Since the radar return that dielectric function contributes is less than that surface roughness does, there is no adequate sensitivity the method of ratio of two polarizations. At 240 or so, it is a good region for this method being applied if more exact backscattering data are acquired.


Fig. 3 The curve expressed the backscatter coefficient ratio of hh to vv polirization with different dielectric constants.
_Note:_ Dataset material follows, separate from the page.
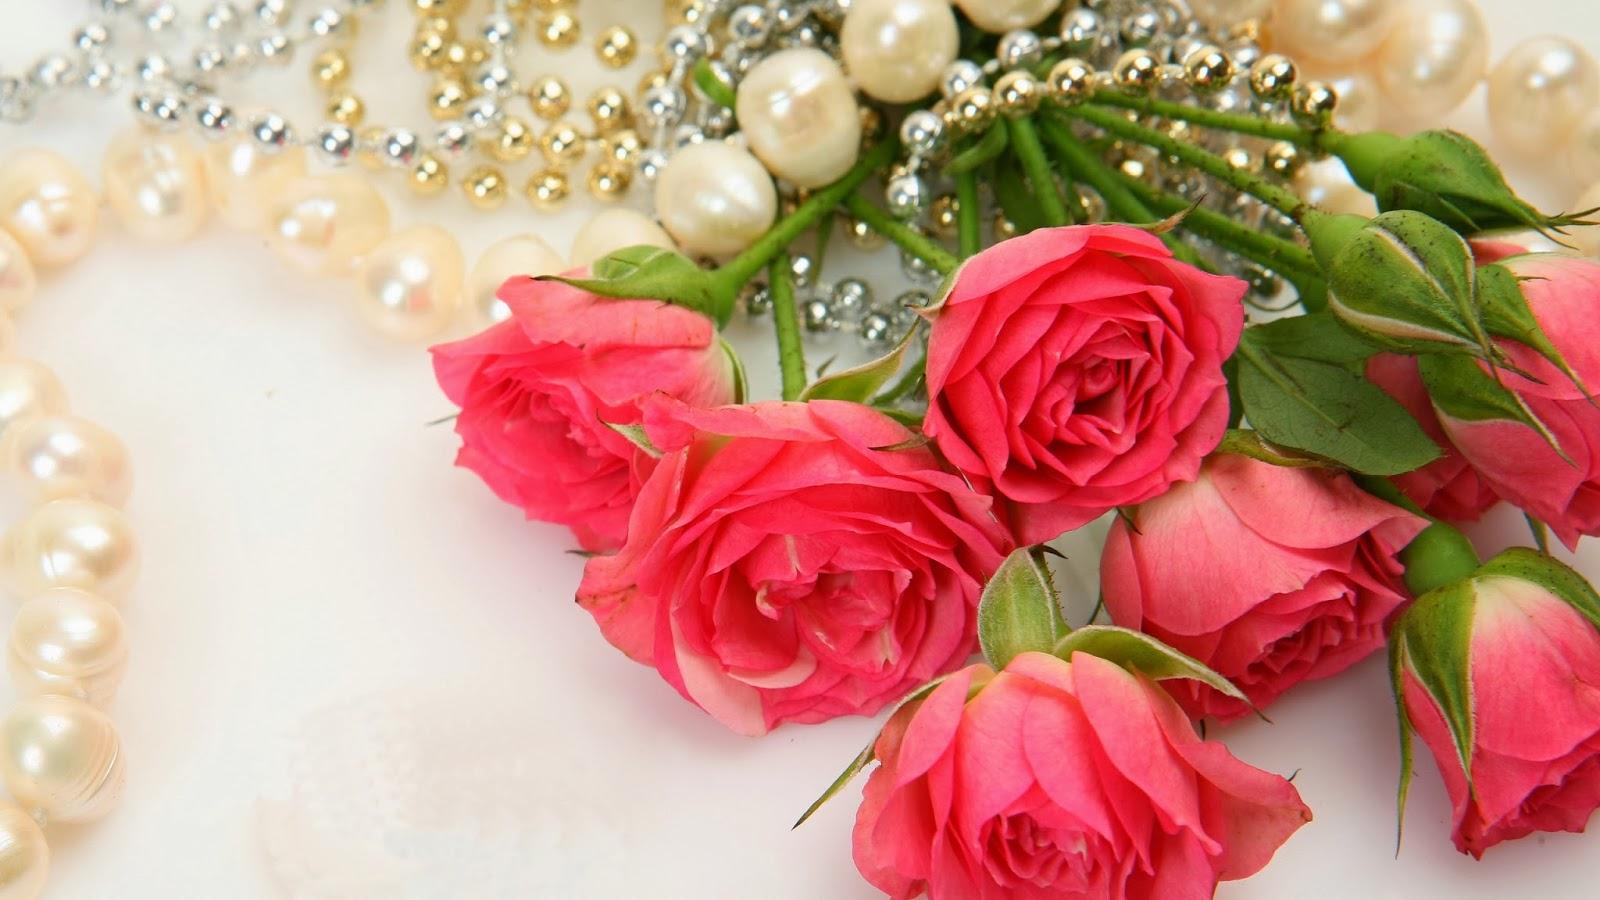 بالصور صور ورود روعه , lovely roses photos 3966 10

A primary method in the paper is proposed that is addressed to extract surface roughness characteristics from multi-incidence radar images. It now be applied to bare soil where only surface scattering is occured. Further study will be aimed at the more complicated surface types with vegetation company where body scattering and absorbing are generated.

References:

  1. E.T. Engman, J.R. Wang, “Evaluation Roughness Models of Radar Bascatter”, IEEE Trans. Geosci. Remote Sensing, Vol. GE-25, No. 6, pp 709-713, 1987.
  2. F.T. Ulaby, R.K. Moore, A.K. Feng, “Microwave Remote Sensing”, Vol. 2, Addison – Wesley, 1982.
  3. F.T. Ulaby, R.K. Moore, A.K. Feng, “Microwave Remote Sensing”, Vol.3. Addison – Wesley, 1982
  4. D.W. Marquardt, “An Algorithm for Least-Squares Estimation of Nonlinear Parameters”, J. SIAM, Vol. 11, No. 2, pp 431-441, 1963.